∙ \-

∙ Participants must meet all of the following criteria to participate in the study:

• Age ≥18 years old;

• ineligible for autologous transplantation;

• Sign the Informed Consent Form (ICF);

• CD79b-positive DLBCL confirmed by pathology (including transformed DLBCL, PMBL, HGBCL);

• Patients must have received adequate first-line treatment and only first-line treatment, with

‣ Anti-CD20 monoclonal antibodies (unless the investigator determines that the tumor is CD20-negative)

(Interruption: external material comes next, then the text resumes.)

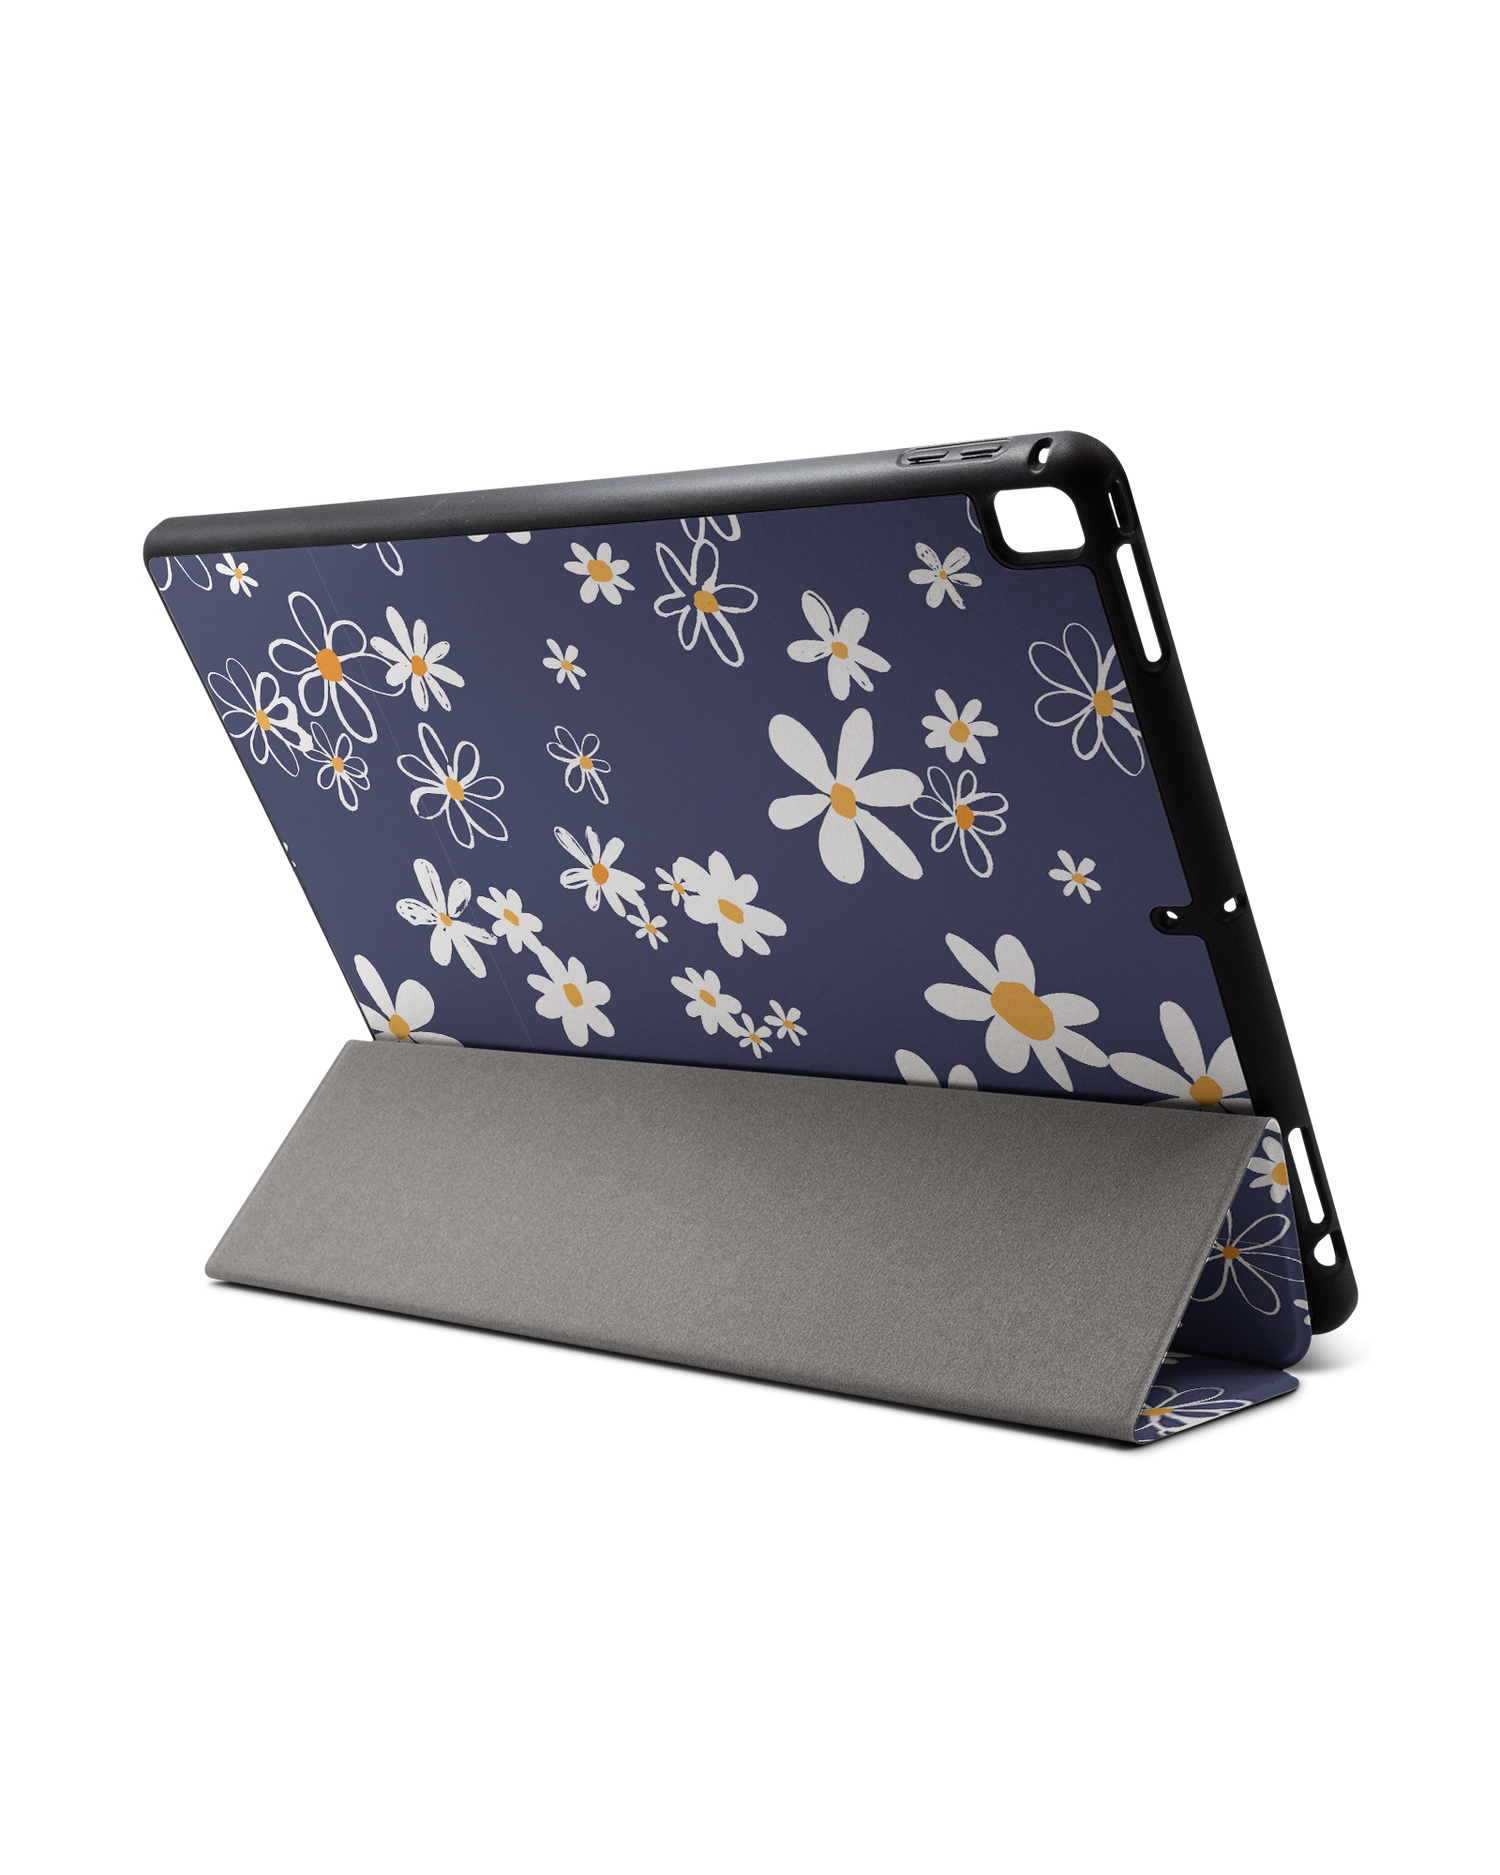 Navy Daisies iPad Case with Pencil Holder for Apple iPad Pro 2 12.9

⁃ Chemotherapy regimens containing anthracyclines

• Recurrent or refractory diseases after first-line immunochemotherapy:

‣ Refractory disease is defined as not having a complete response to first-line therapy (except for patients who are intolerant to first-line therapy)

⁃ Recurrent disease is defined as disease recurrence after complete response to first-line treatment

• Eastern Cooperative Oncology Group (ECOG) performance status score of 0-2, with an expected survival of more than 12 weeks.

• Have at least one measurable two-dimensional lesion identified by clinical examination, CT scan or MRI: ① lymph node \>1.5cm; ② Other non-lymph node lesions ≥1.0cm;

• The main tissues and organs function well:

∙ Hematological function: absolute granulocyte count ≥ 1,000/mm3, platelet count ≥ 75,000/mm3; Liver function: ALT/AST \< 3 times upper limit of normal (ULN) and total bilirubin ≤1.5× upper limit of normal (ULN) (\< 5 times ULN in patients with Gilbert syndrome, cholestasis due to hilar compression adenopathy, biliary obstruction due to liver involvement or lymphoma); Renal function: creatinine clearance \> 30 mL/min, creatinine ≤1.5× upper limit of normal (ULN) Lung function: indoor oxygen saturation ≥95%; Cardiac function: no obvious cardiac insufficiency or cardiovascular disease; 10. Fertile patients must be willing to use highly effective contraception during the study period and for 120 days after the last dose of treatment.